If you'd like to understand more about how pelican works, check out the documentation [here](https://docs.pelicanplatform.org/about-pelican/core-concepts)

### Putting it all together

What does this mean in practice?

In an environment where pelicanfs is installed, then if you want to access data from the OSDF using fsspec or any library which uses fsspec, all that you need to do is give it the proper path with the osdf protocol to fsspec, and fsspec and pelicanfs will do all the work to resolve it behind the scenes.



---

## A PelicanFS Example using Real Data

The following is an example that shows how pelicanfs works on real world data using FSSPec and XArray to access Zarr data from AWS.

This portion of the notebook is based off of the [Project Pythia HRRR AWS Cookbook](https://projectpythia.org/HRRR-AWS-cookbook/)

### Setting the Proper Path
The data for this tutorial is part of AWS Open Data, hosted in the `us-west-2` region. The OSDF provides access to that region using the `aws-opendata/us-west-1` namespace.

Let's first create a path which uses the `osdf` protocol.

In [None]:
# Set the date, hour, variable, and level for the HRRR data
date = '20211016'
hour = '21'
var = 'TMP'
level = '2m_above_ground'

# Construct file paths for the Zarr datasets using the osdf protocol
namespace_file1 = f'osdf:///aws-opendata/us-west-1/hrrrzarr/sfc/{date}/{date}_{hour}z_anl.zarr/{level}/{var}/{level}/'
namespace_file2 = f'osdf:///aws-opendata/us-west-1/hrrrzarr/sfc/{date}/{date}_{hour}z_anl.zarr/{level}/{var}/'

### Using FSSpec to access the data

Now we can access the data using XArray like normal.

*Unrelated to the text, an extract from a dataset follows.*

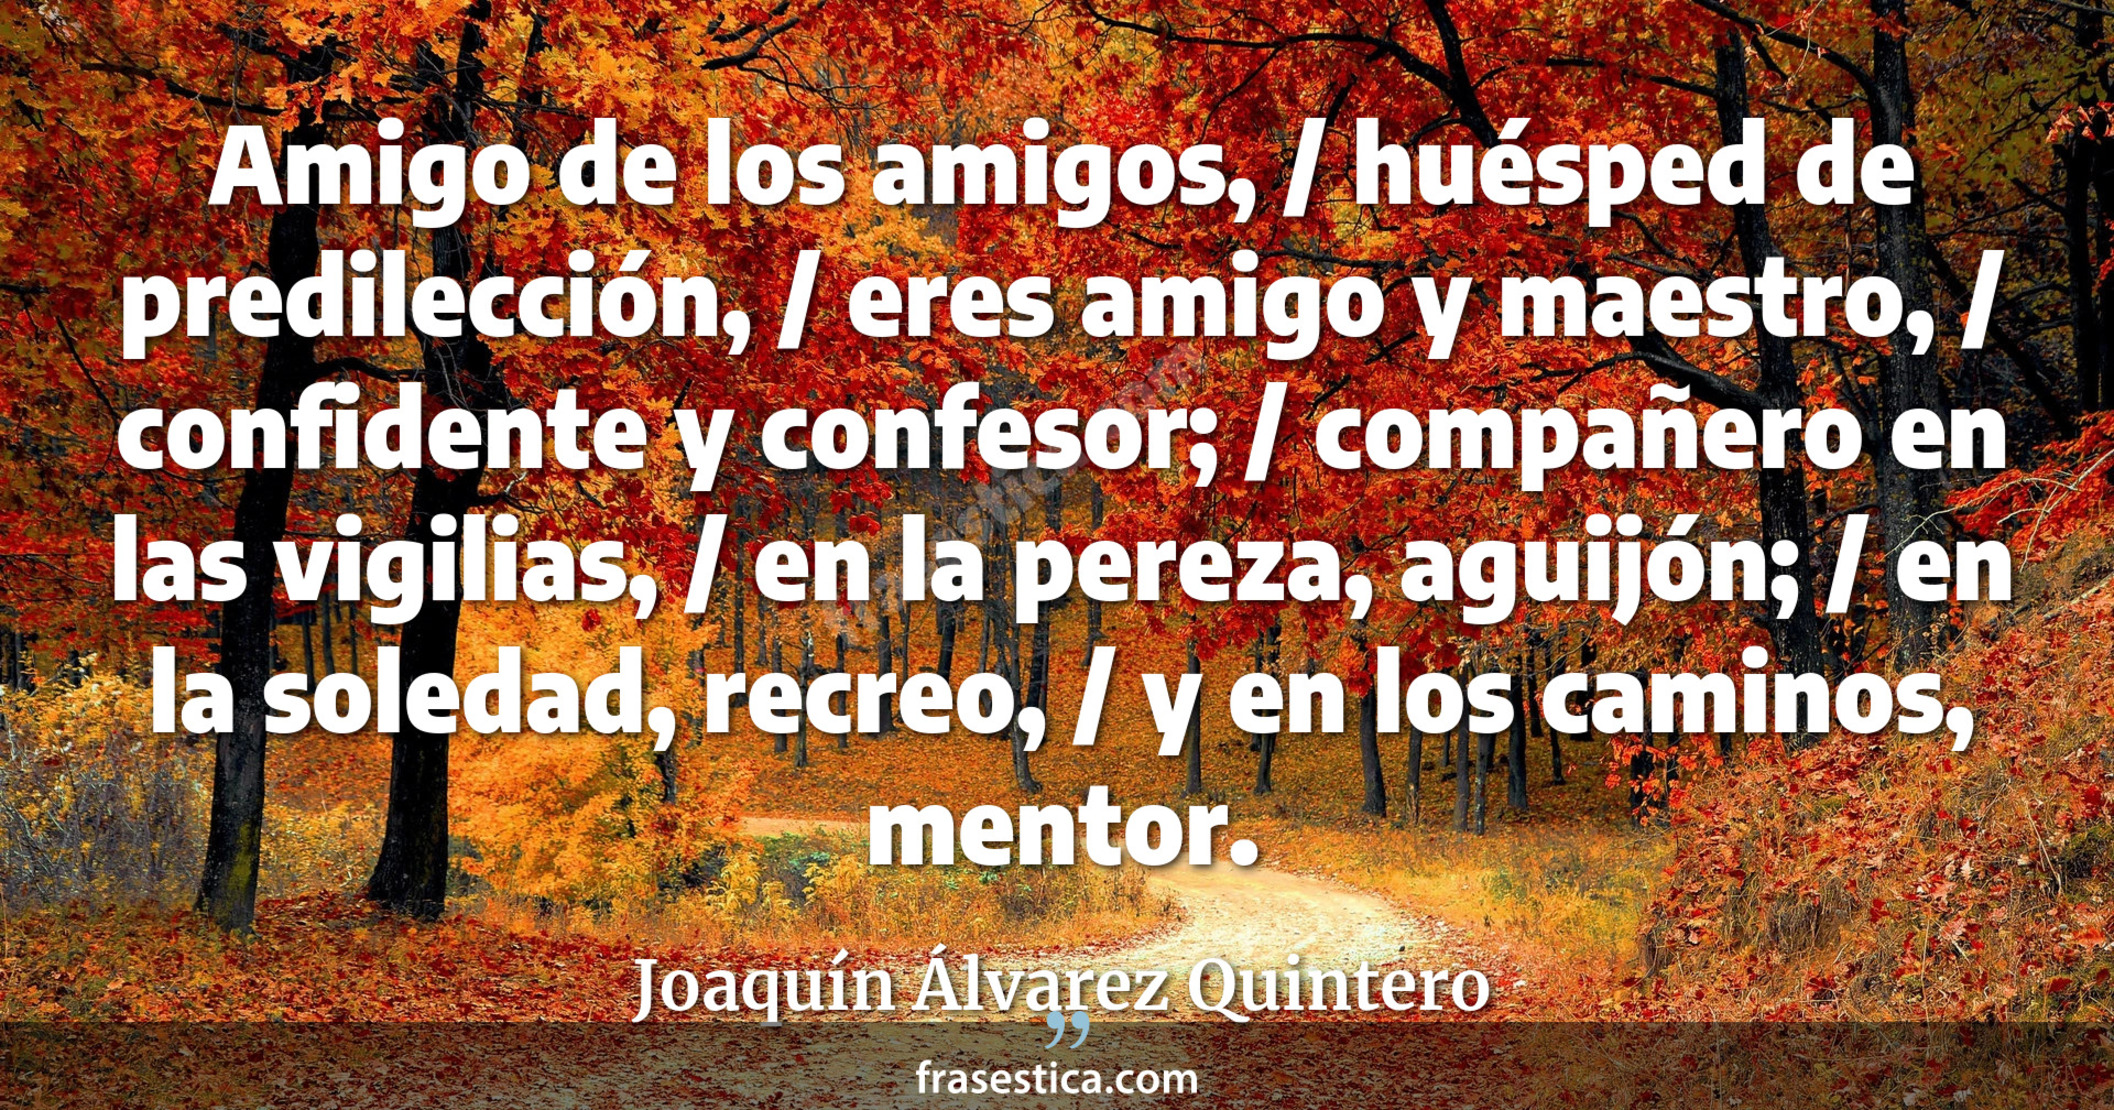 Amigo de los amigos, / huésped de predilección, / eres amigo y maestro, / confidente y confesor; / compañero en las vigilias, / en la pereza, aguijón; / en la soledad, recreo, / y en los caminos, mentor. - Joaquín Álvarez Quintero
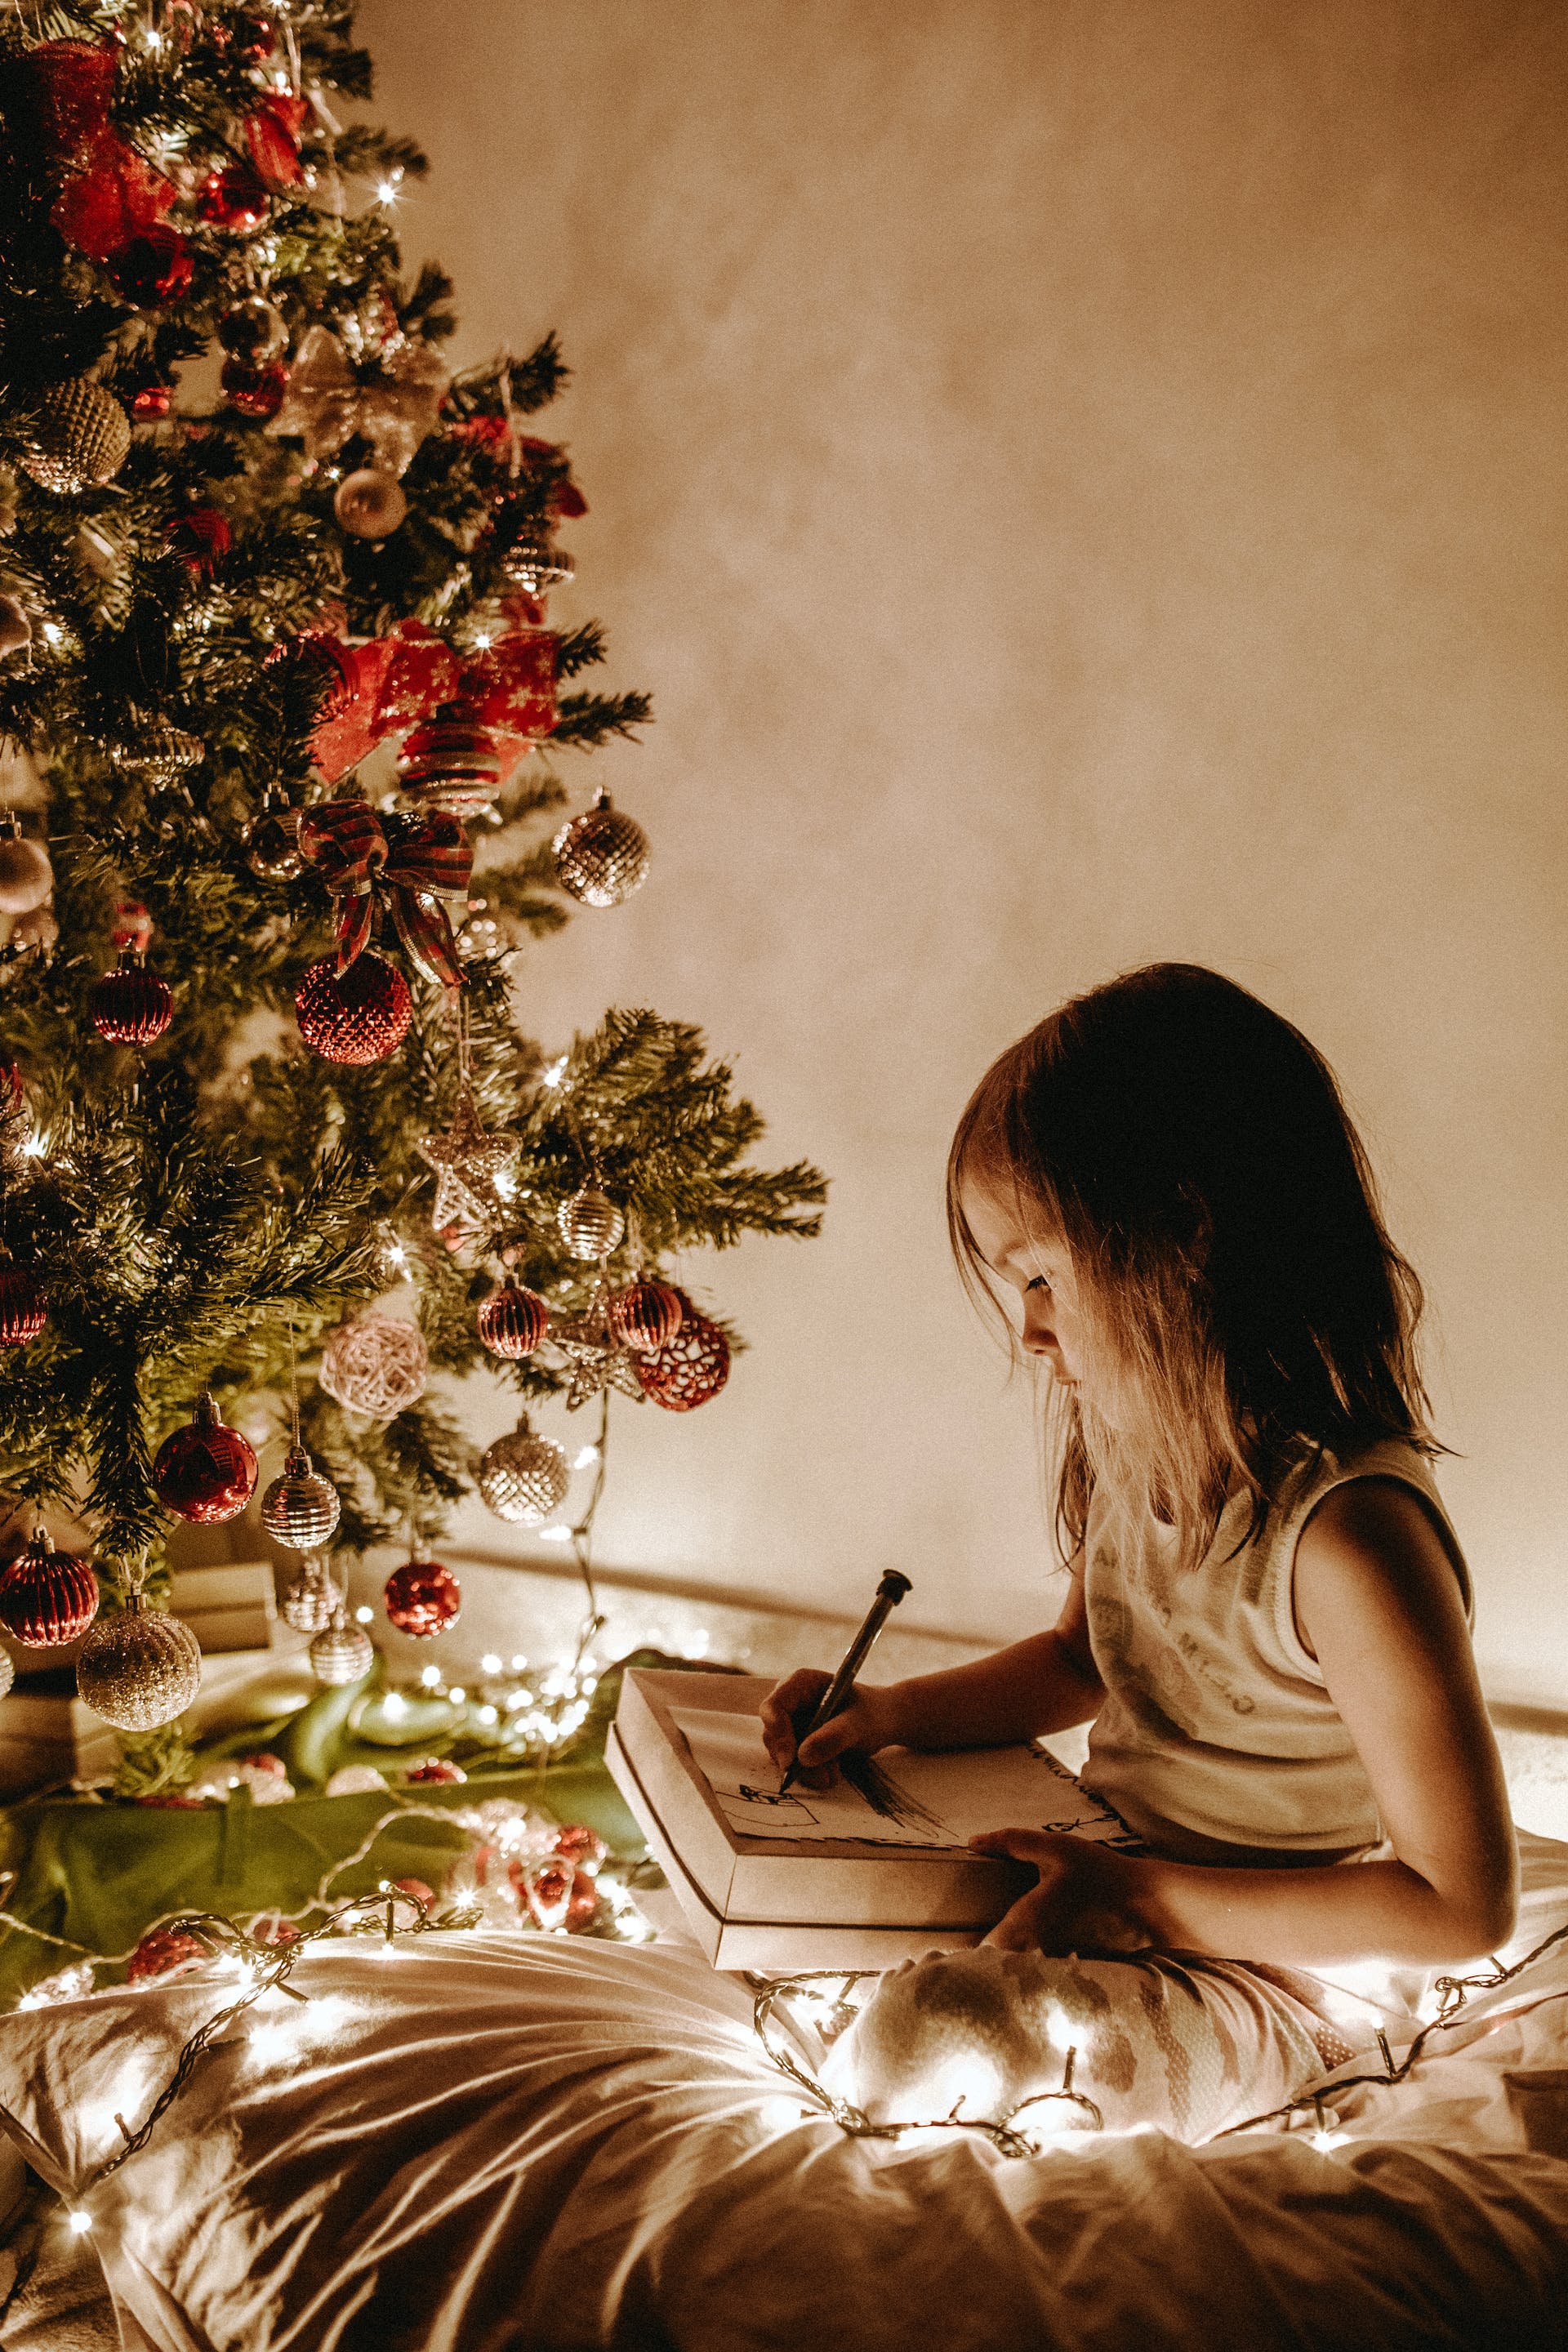 Ein kleines Mädchen sitzt neben einem Weihnachtsbaum | Quelle: Pexels

The two files will accessed using fsspec's `get_mapper` function, which knows to use PelicanFS because we created the path using the `osdf` protocol.

In [None]:
# Get mappers for the Zarr datasets

file1 = fsspec.get_mapper(namespace_file1)
file2 = fsspec.get_mapper(namespace_file2)

# Open the datasets
ds = xr.open_mfdataset([file1, file2], engine='zarr', decode_timedelta=True)

# Display the dataset
ds

### Continue the workflow
As you can see, xarray streamed the data correctly into the datasets. To prove the workflow works, the next cell continues the computation and generates two plots. This tutorial will not go in depth as to what this code is accomplishing.

If you'd like to know more about the following workflow, please refer to the [Project Pythia HRRR AWS Cookbook](https://projectpythia.org/HRRR-AWS-cookbook/)

In [None]:
# Define coordinates for projection
lon1 = -97.5
lat1 = 38.5
slat = 38.5

# Define the Lambert Conformal projection
projData = ccrs.LambertConformal(
    central_longitude=lon1,
    central_latitude=lat1,
    standard_parallels=[slat, slat],
    globe=ccrs.Globe(
        semimajor_axis=6371229,
        semiminor_axis=6371229
    )
)

# Display dataset coordinates
ds.coords

# Extract temperature data
airTemp = ds.TMP

# Display the temperature data
airTemp

# Convert temperature units to Celsius
airTemp = airTemp.metpy.convert_units('degC')

# Display the converted temperature data
airTemp

# Extract projection coordinates
x = airTemp.projection_x_coordinate
y = airTemp.projection_y_coordinate

# Plot temperature data
airTemp.plot(figsize=(11, 8.5))

# Compute minimum and maximum temperatures
minTemp = airTemp.min().compute()
maxTemp = airTemp.max().compute()

# Display minimum and maximum temperature values
minTemp.values, maxTemp.values

# Define contour levels
fint = np.arange(np.floor(minTemp.values), np.ceil(maxTemp.values) + 2, 2)

# Define plot bounds and resolution
latN = 50.4
latS = 24.25
lonW = -123.8
lonE = -71.2
res = '50m'

# Create a figure and axis with projection
fig = plt.figure(figsize=(18, 12))
ax = plt.subplot(1, 1, 1, projection=projData)
ax.set_extent([lonW, lonE, latS, latN], crs=ccrs.PlateCarree())
ax.add_feature(cfeature.COASTLINE.with_scale(res))
ax.add_feature(cfeature.STATES.with_scale(res))

# Add the title
tl1 = 'HRRR 2m temperature ($^\\circ$C)'
tl2 = f'Analysis valid at: {hour}00 UTC {date}'
plt.title(f'{tl1}\n{tl2}', fontsize=16)

# Contour fill
CF = ax.contourf(x, y, airTemp, levels=fint, cmap=plt.get_cmap('coolwarm'))

# Make a colorbar for the ContourSet returned by the contourf call
cbar = fig.colorbar(CF, shrink=0.5)
cbar.set_label(r'2m Temperature ($^\circ$C)', size='large')

# Show the plot
plt.show()